Happy Birthday to Exile on Main Street! Love the dancing proto-squeegee man in this….
I love Tiny Revolution as a political site. Here Bernard Chazelle switches to another passion of his, and serves up some musicological theorizing about a song my old caddymaster hailed as the greatest hangover song of all time.
In the process he makes some broad comments about the Stones, and the old Beatles-v.-Stones flame war which, surprisingly, doesn’t devolve into absurdity in the comments section. Some bright people posting. Here’s his bottom line on the Stones:
They’re no songcrafting geniuses, their melodies are often banal, their harmonies simplistic, their lyrics silly or offensive, and they’re passable instrumentalists. Naturally, the Stones are the greatest rock band ever.
What gives? The thing is, in rock ‘n’ roll none of these things matter all that much. No rock tunesmith holds a candle to Gershwin or Cole Porter, anyway. Craftsmanship is not the point.
What’s the point then? To convert high energy into art. Rock is about emotion, not style; feeling, not beauty; desire, not sensuousness.

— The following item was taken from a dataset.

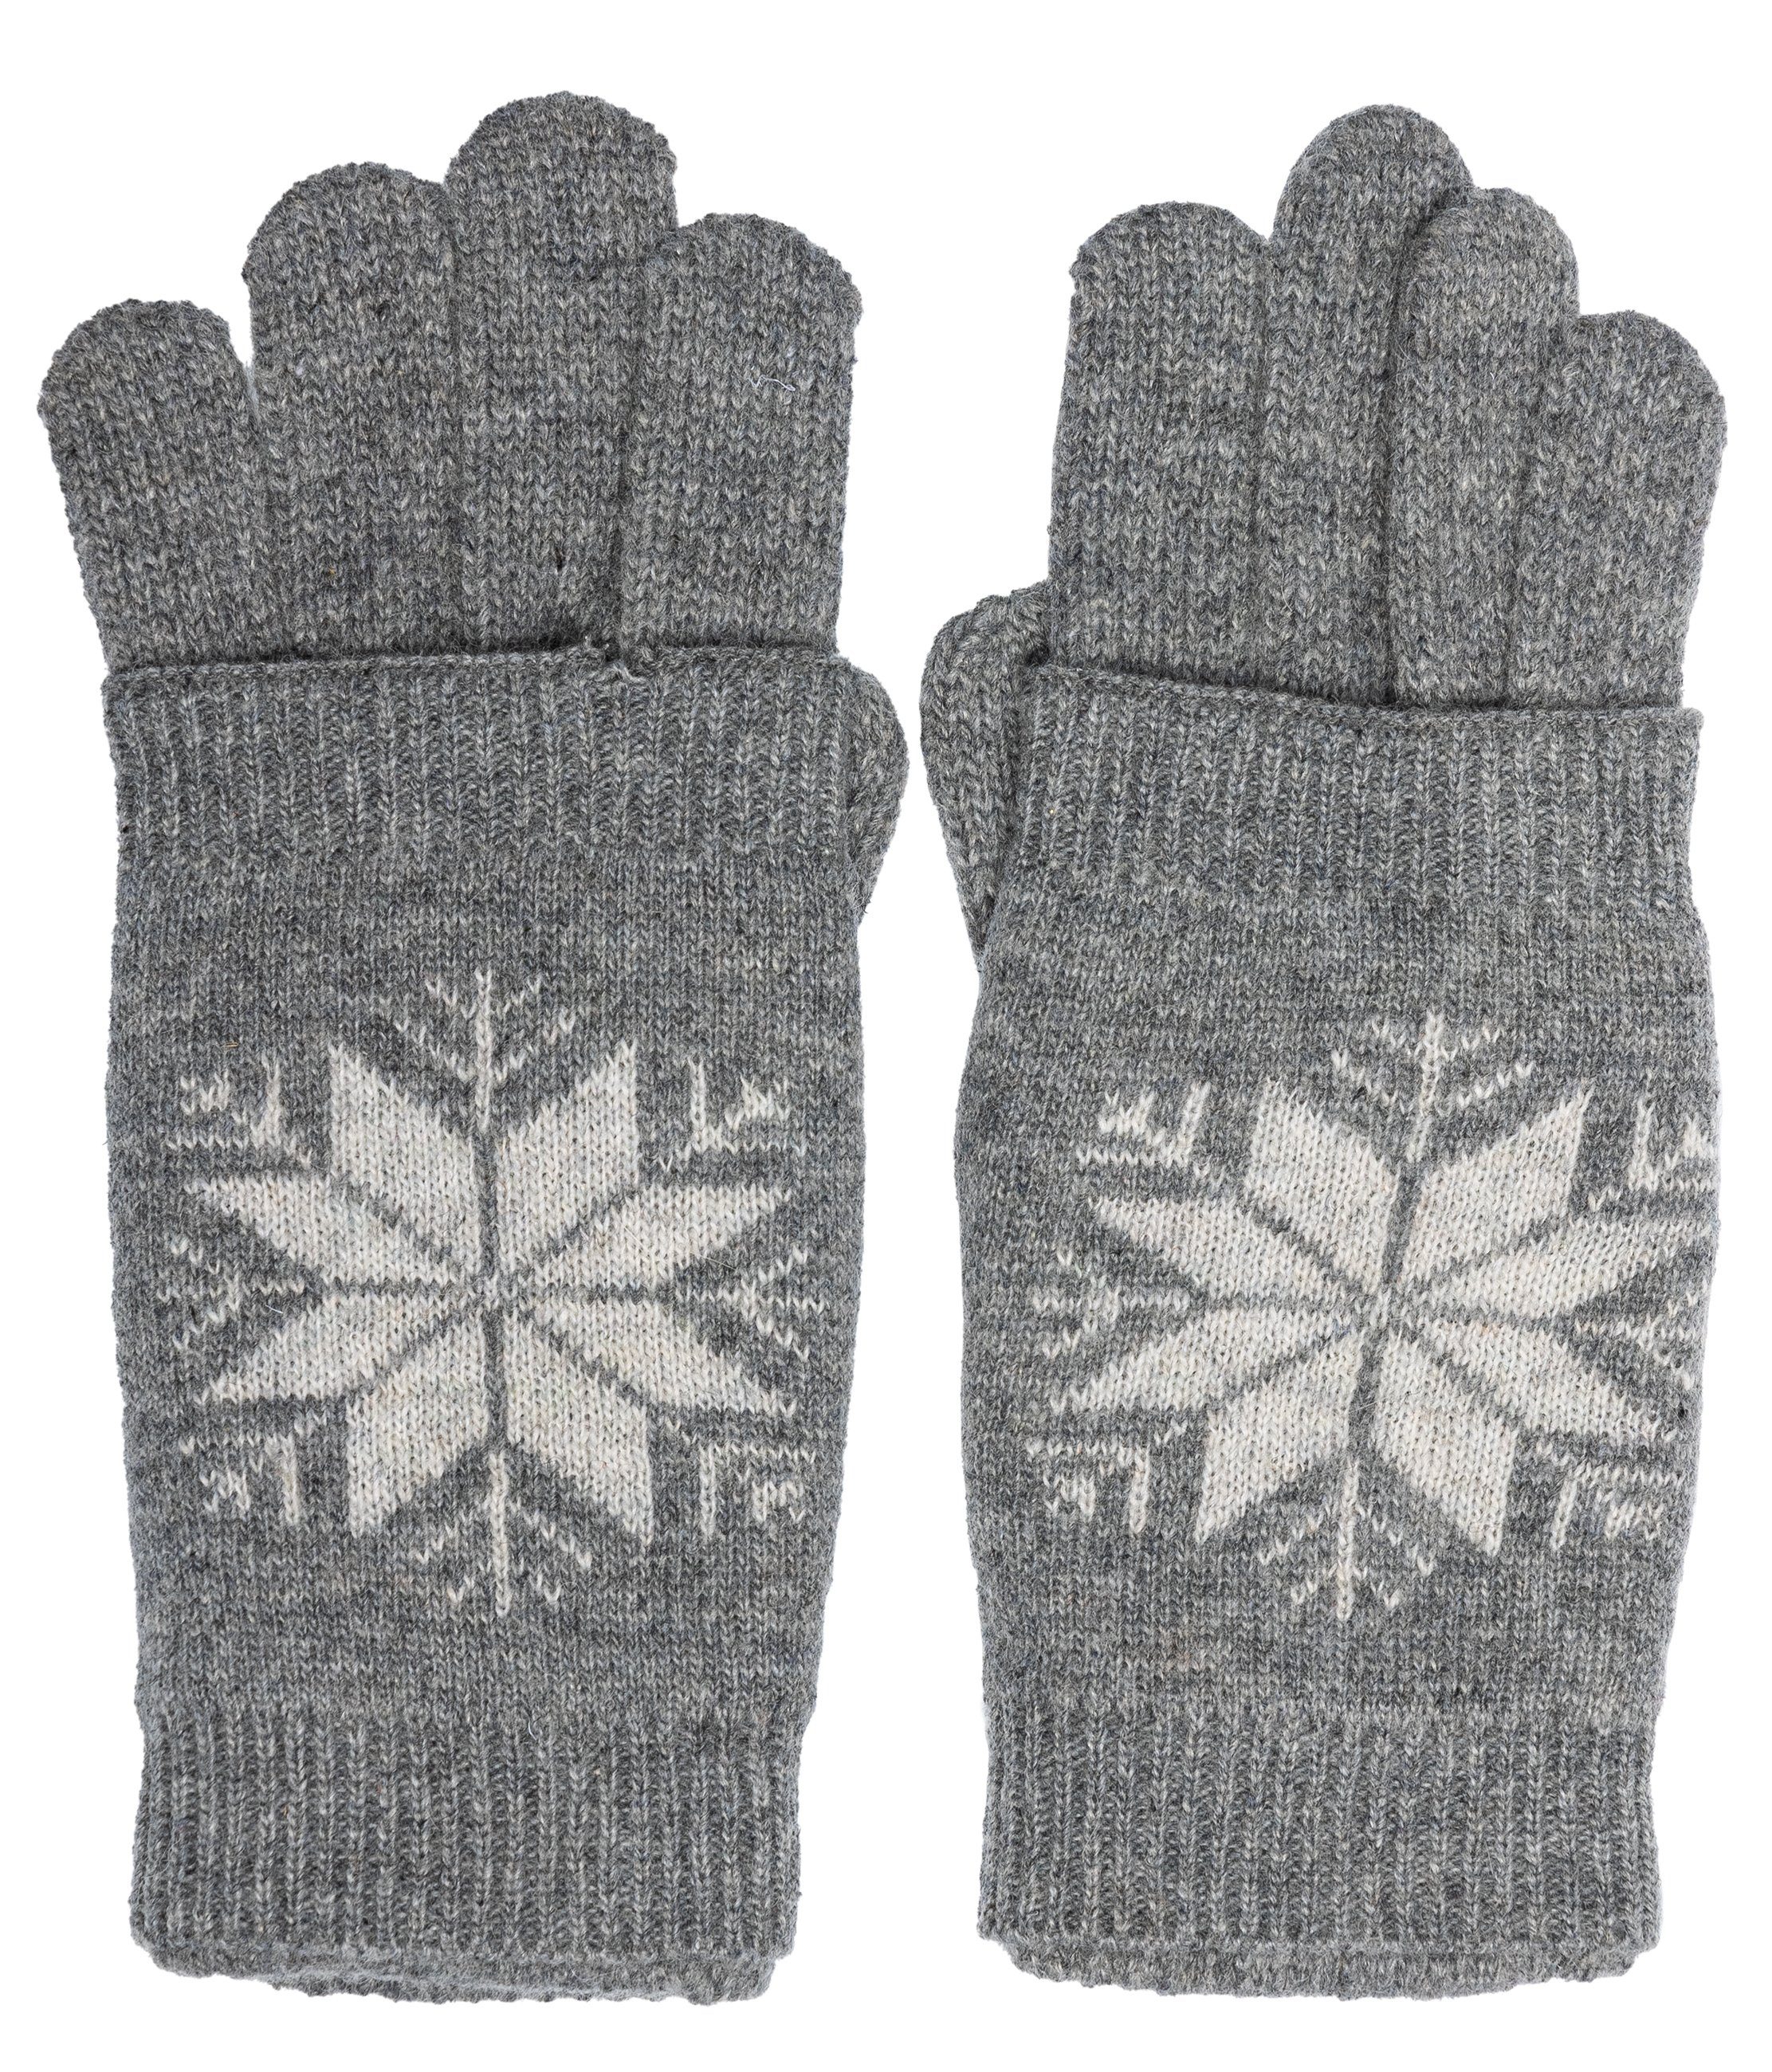 Strick Dekor Eiskristall Caspar Strickhandschuhe warme grau GLV018 Handschuhe Damen mit

Rock is not about courtship, it’s about sex.
That no other sub-genre of western music shares rock’s “kinetic primality” (I just made up the phrase, no doubt the high point of this post) has a two-word explanation: the blues. Yes, you can always rely on white rock musicians to misappropriate the blues as a vehicle for affected maturity, self-importance, and pretentiousness — Muddy Waters Meets Nietzsche kind of thing. But the Stones, bless their souls, have always remained loyal to the spirit of the idiom, which is to channel misery into joy, not to channel misery into more misery. If rock is a rhythm, a riff, and an attitude, then no one beats the Rolling Stones.
As regards the specific song, Chazelle says, “‘Sweet Virginia’ is a 16-bar country blues. (An anti-drug song, I guess?) Like Dylan’s “Idiot Wind,” it begins on the subdominant of the key (a classical device going back to the fugal tradition of Baroque music) and on to the cadence II-I.” I can’t really see Keef thinking like that (and I don’t think that’s what Chazelle is saying. Only that there is some sort of intuitive/instinctive genius at play in the process of writing pop songs.)
And thinking about the song got me thinking about my old caddymaster, an early hero to the thirteen-year-old me. The power of the Google was impressive. I found him. Insurance company exec; donated well over $10 grand to Republican candidates in ’08. Another hero bites the dust. But he was right about “Sweet Virginia.”